**EXERCISE**
In the copy, keep the lines from the first line of the material below through the line containing "Carrie Fisher and" exactly as they are, and include no pictures.

##### INPUT DATA #####

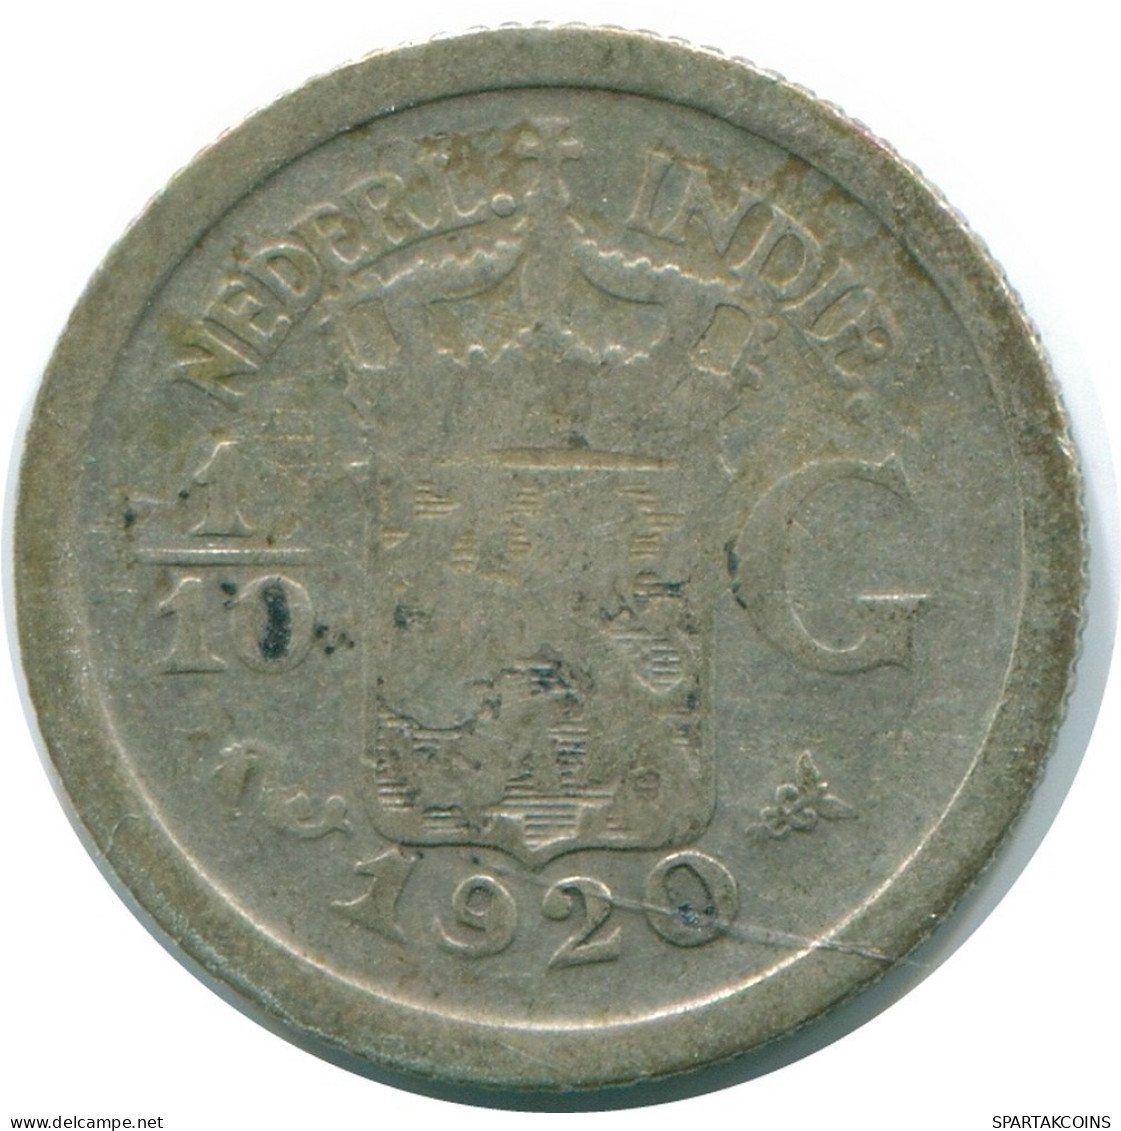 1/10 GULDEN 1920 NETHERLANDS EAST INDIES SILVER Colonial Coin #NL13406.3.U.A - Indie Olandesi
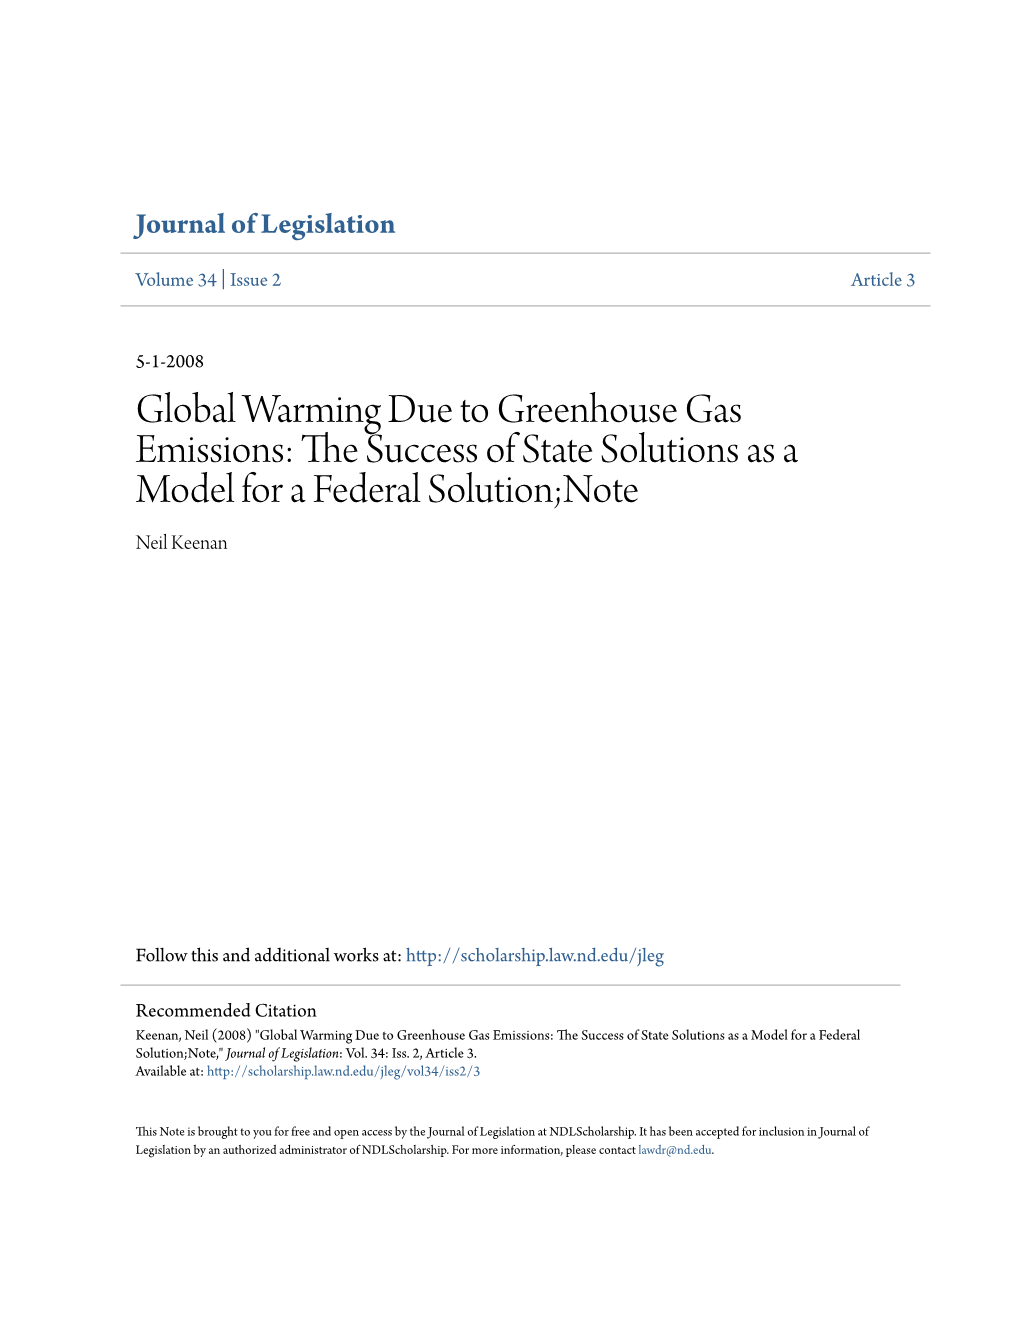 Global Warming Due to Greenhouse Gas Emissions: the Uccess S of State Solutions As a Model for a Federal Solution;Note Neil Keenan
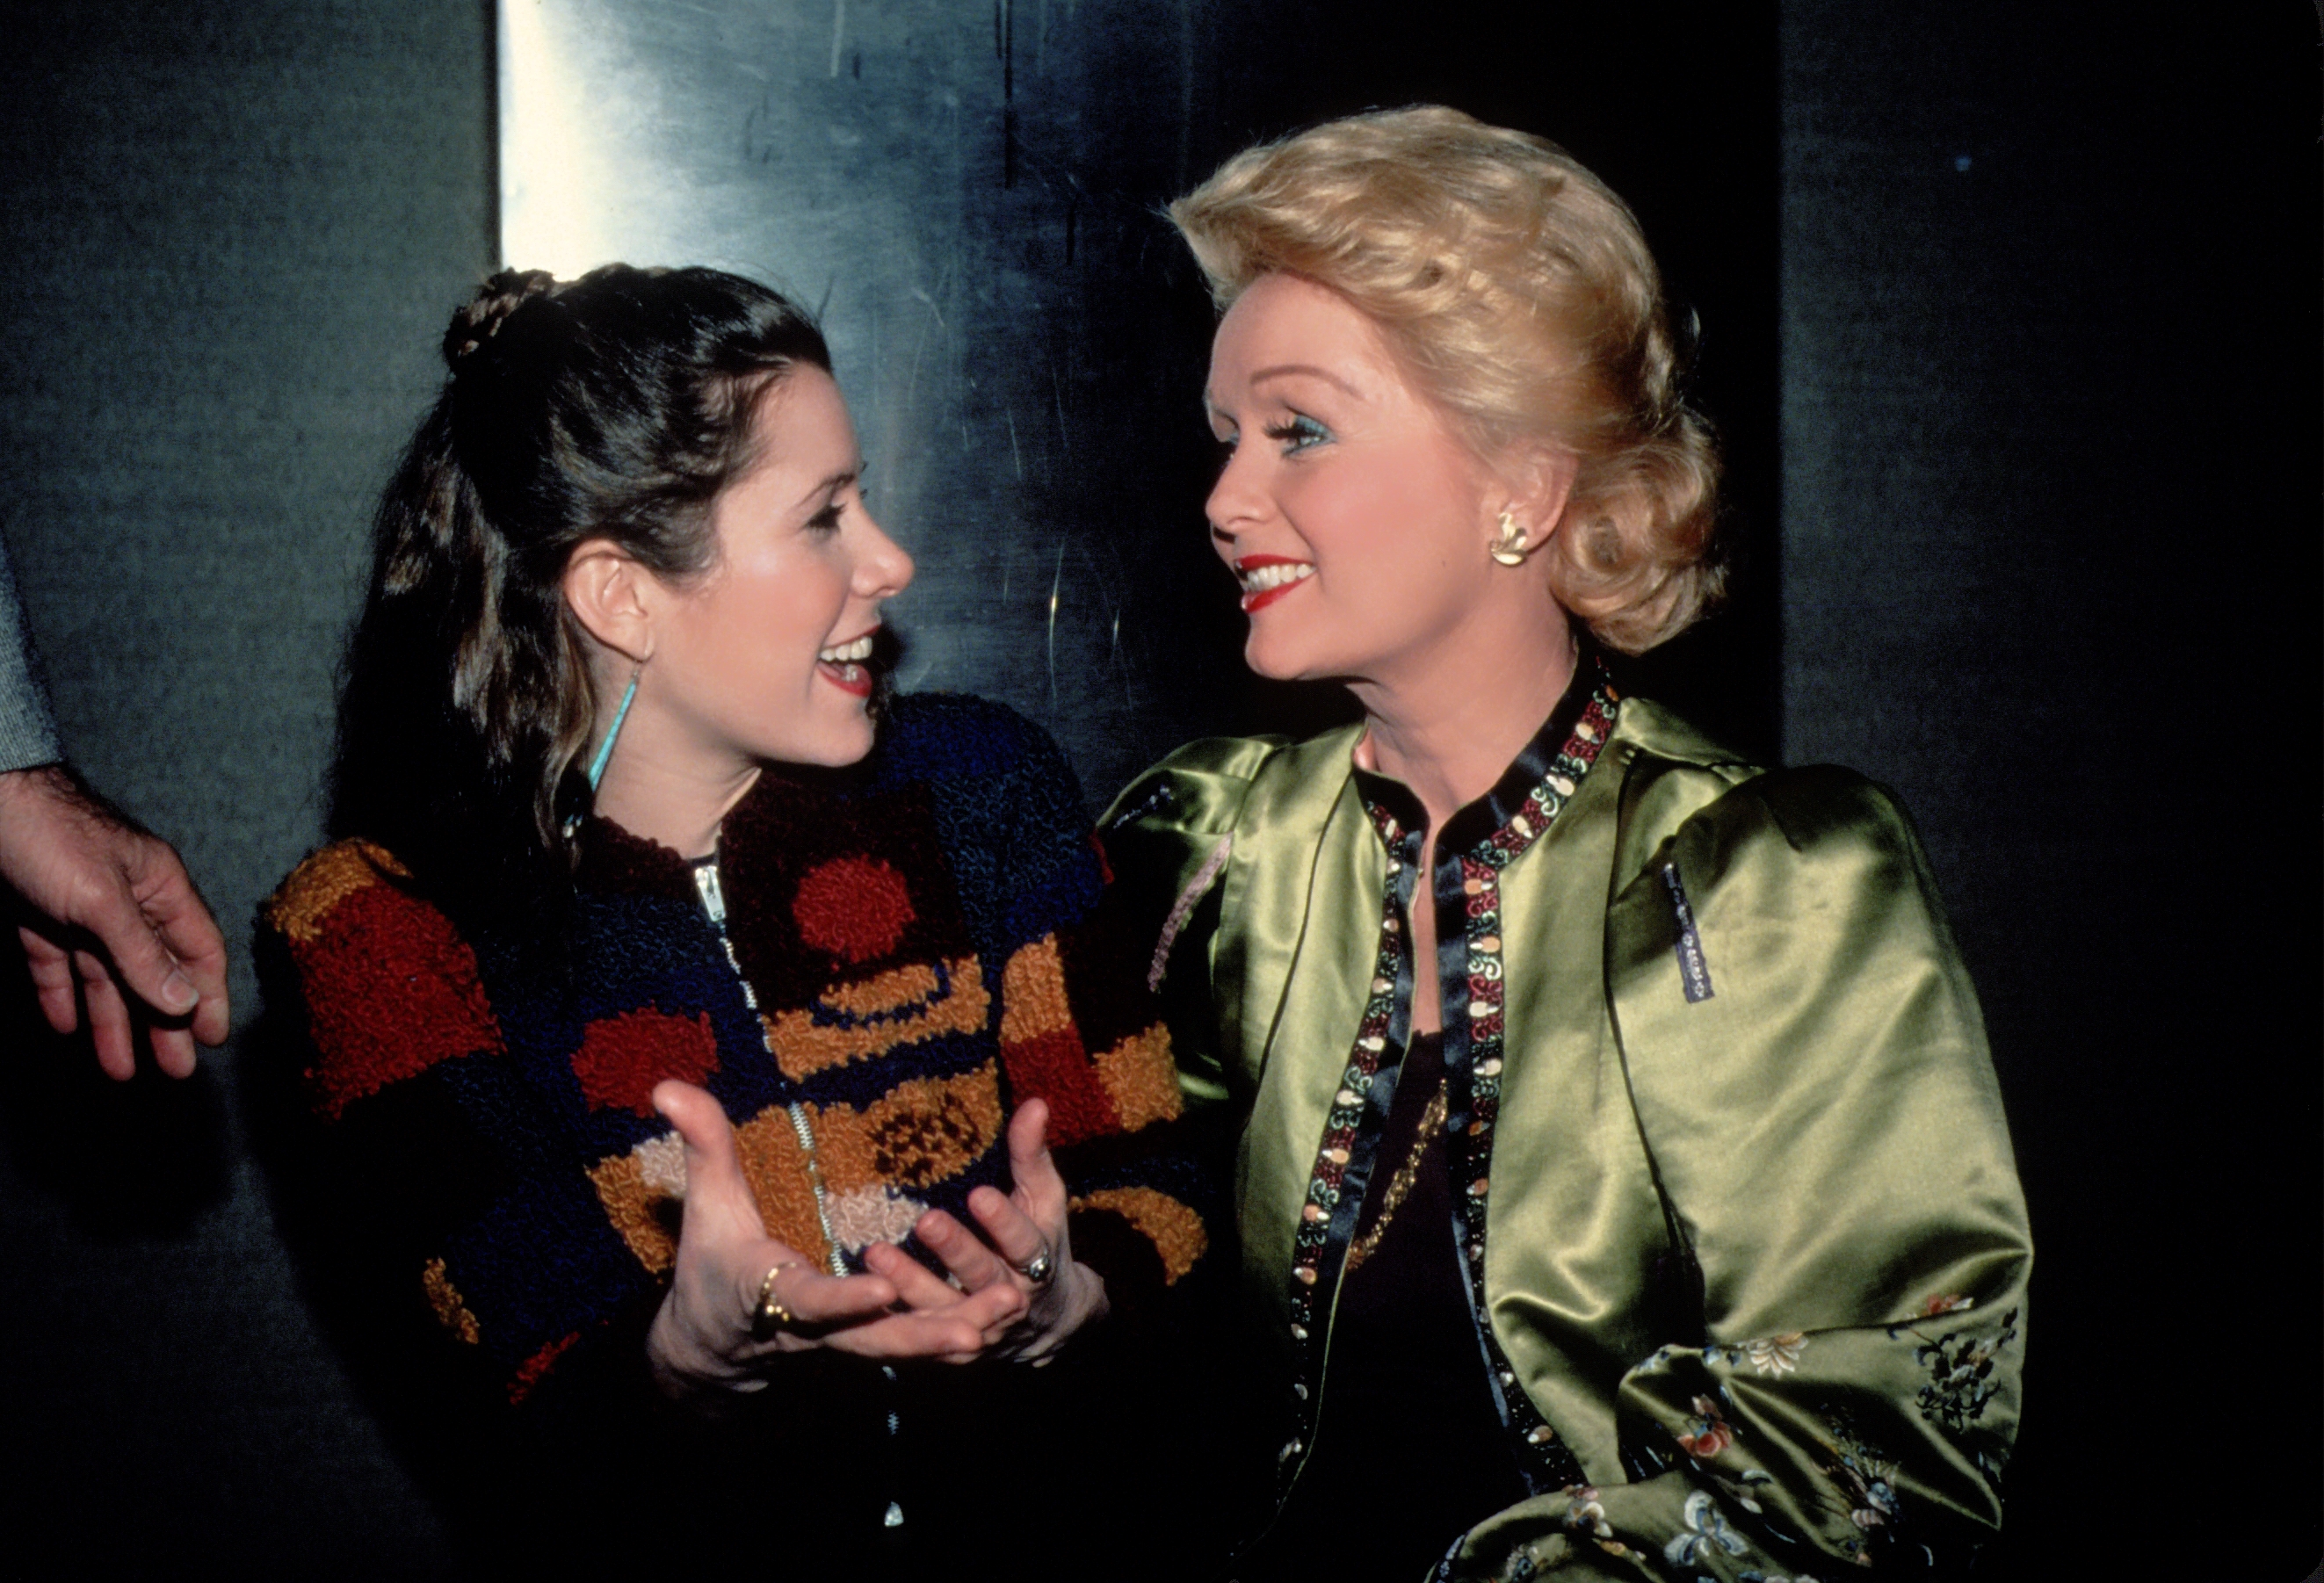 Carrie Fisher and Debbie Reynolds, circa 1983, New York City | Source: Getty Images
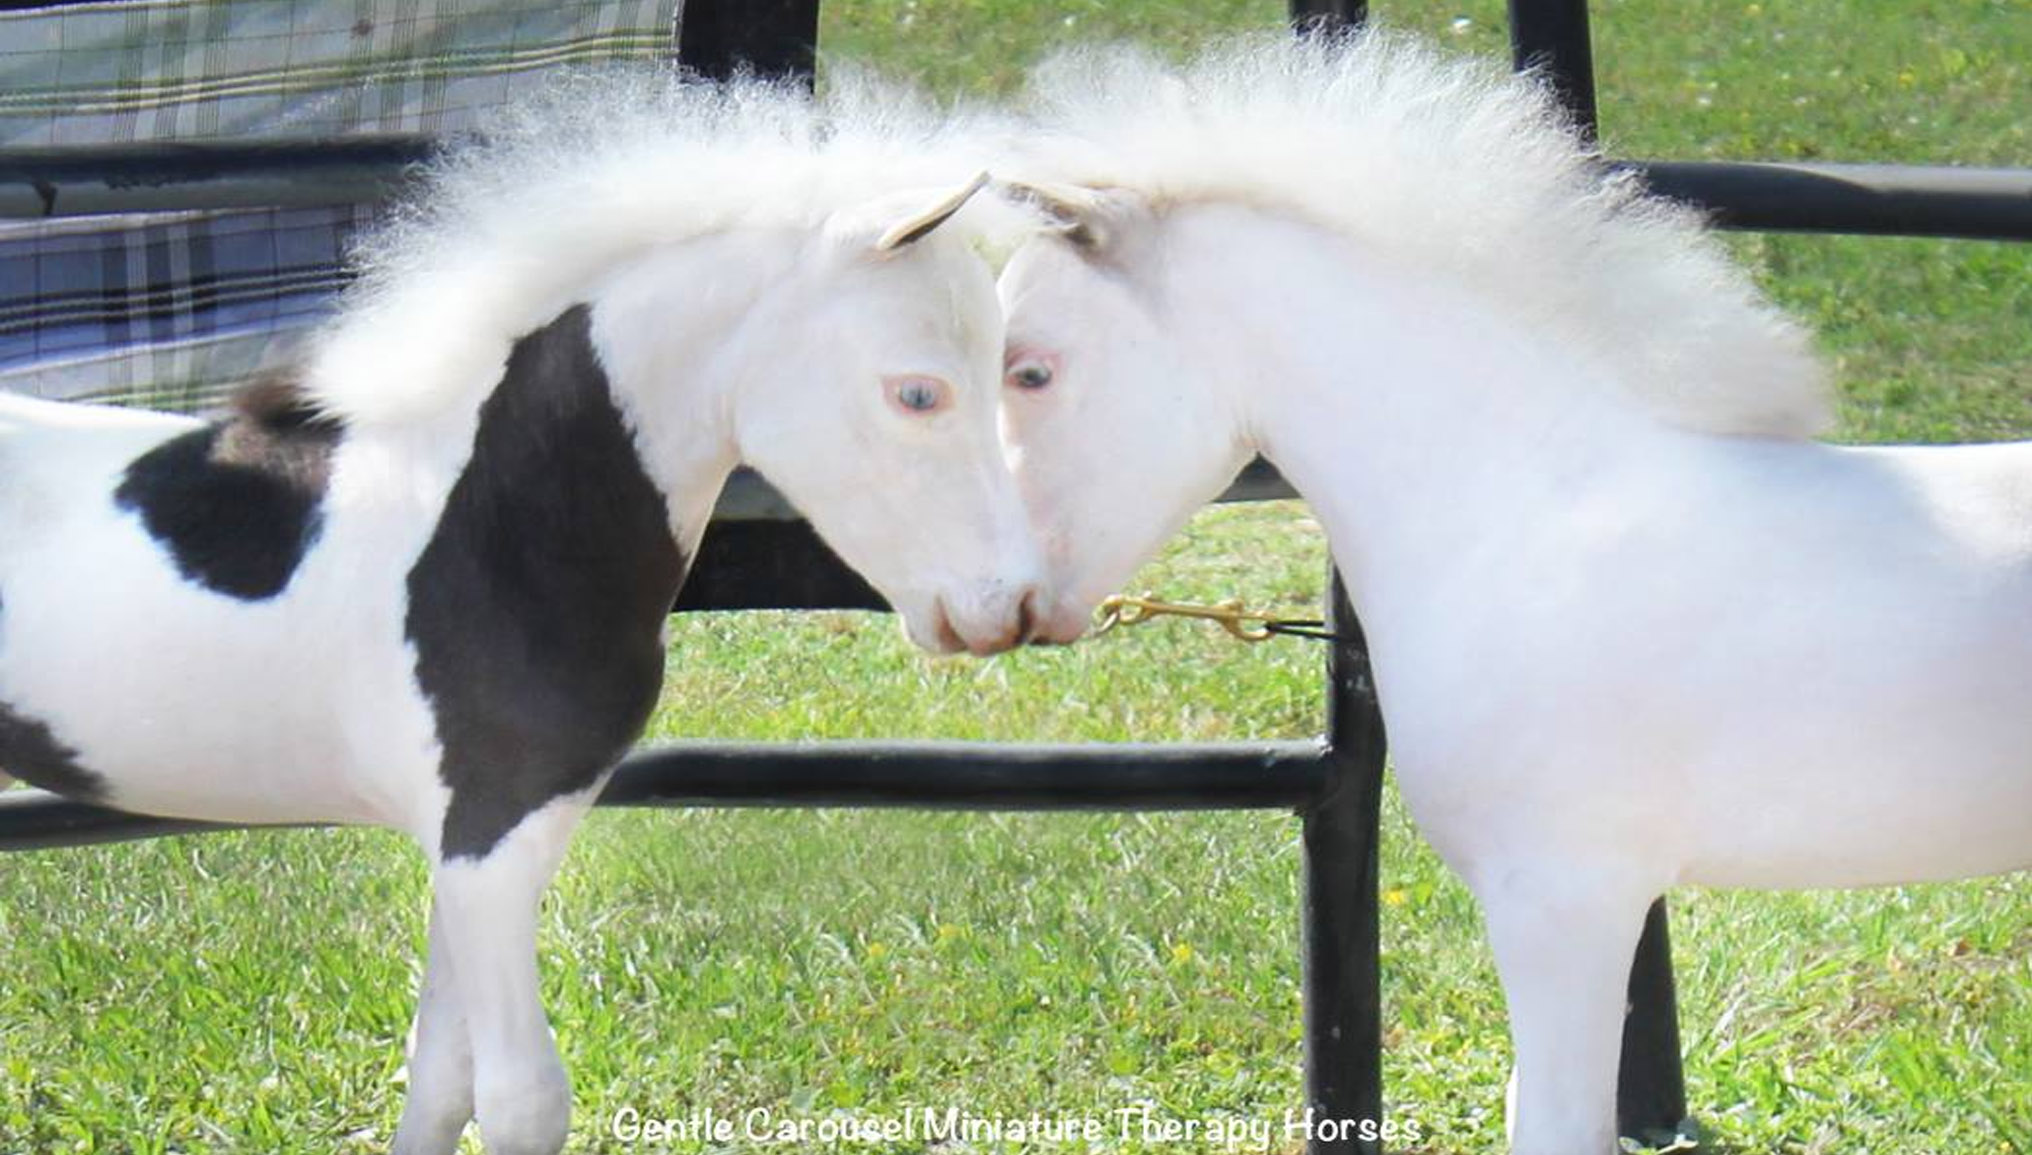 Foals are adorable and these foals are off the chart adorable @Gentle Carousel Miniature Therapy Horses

#####

**YOUR SOLUTION**
 1/10 GULDEN 1920 NETHERLANDS EAST INDIES SILVER Colonial Coin #NL13406.3.U.A - Indie Olandesi
 Global Warming Due to Greenhouse Gas Emissions: the Uccess S of State Solutions As a Model for a Federal Solution;Note Neil Keenan
 Carrie Fisher and Debbie Reynolds, circa 1983, New York City | Source: Getty Images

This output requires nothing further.